In den Nachprüfungsverfahren wurde lediglich der äußere Anschein der Urkunde beurteilt. Eine inhaltliche Kontrolle fand nicht statt. Hierbei sind die CPV-Codes hilfreich, die in jeder Präqualifikationsurkunde aufgelistet werden und eindeutig die Leistungsbereiche des Unternehmens identifizieren. Im Falle der Küchentechnik umfasst der CPV-Code bspw. VOL-Leistungen aus den Bereichen 391 „Möbel“, 392 „Ausstattung und Zubehör“, 293 „Diverse Ausrüstungen“, 397 „Haushaltsgeräte“, 42 „Industrielle Maschinen“ und 508 „Diverse Reparatur- und Wartungsdienste“, aber auch VOB-Leistungen aus dem CPV-Bereich 4542 „Bautischlerei-Einbauarbeiten“. Unternehmen mit überschneidenden Leistungsbereichen sollten der lästigen Benennung von CPV-Codes nicht zu wenig Aufmerksamkeit schenken, damit die Präqualifikationsurkunde tatsächlich ihr gesamtes Leistungsspektrum widerspiegelt.

Unternehmen, die zunächst Küchentechnik herstellen, sind typische Unternehmen im Lieferleistungsbereich. Da der Auftraggeber sie mit der Dienstleistung des Einbaus beauftragt, mutiert die Leistung zur Bauleistung. Dass gerade diese Konsequenz oft eine schwierige Abgrenzungsfrage sein kann, macht die Sache nicht leichter. Es kann aber nicht sein, dass diese Unternehmen sich zweimal, jeweils nach VOL und VOB, präqualifizieren müssen. Eine doppelte Präqualifizierung ist weder erforderlich noch mittelstandsfreundlich. Sie ist im Grunde genommen unnötig, denn es würden im Wesentlichen dieselben Einzelnachweise zur Eignungsprüfung vorzulegen sein: Alle PQ-Stellen zertifizieren nach ähnlichen Leitlinien und stellen gleichwertige Urkunden aus.

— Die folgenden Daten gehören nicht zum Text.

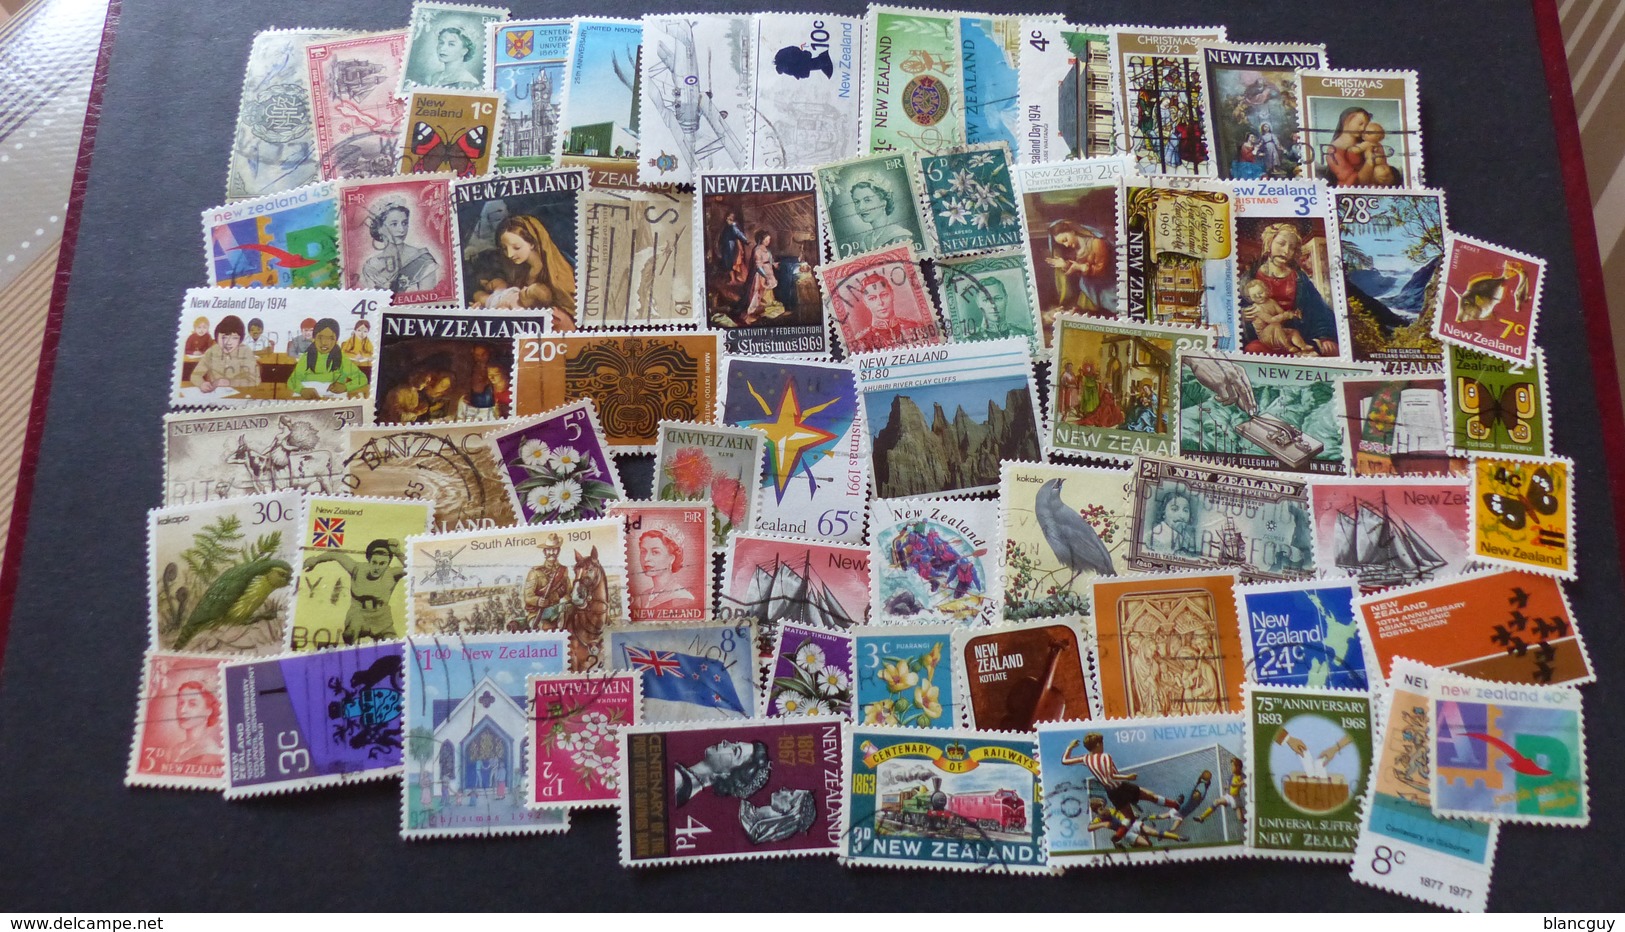 AFRIQUE - AMÉRIQUE - ASIE - OCÉANIE - 2400 timbres tous différents neufs et oblitérés

Präqualifizierungssysteme werden zukünftig immer stärker ausgebaut. Hierauf deutet zum Beispiel auch die zu erwartende europäische Richtlinie hin. Es muss daher ein Weg eröffnet werden, der ein Unternehmen in allen Leistungsbereichen abschließend präqualifizieren kann. Das HPQR und einige ULVs könnten hier Vorbild sein. In Hessen hat man mit dem HPQR von vornherein auf die Differenzierung verzichtet und eine einheitliche Präqualifizierung über sämtliche Leistungen eines Unternehmens eingerichtet.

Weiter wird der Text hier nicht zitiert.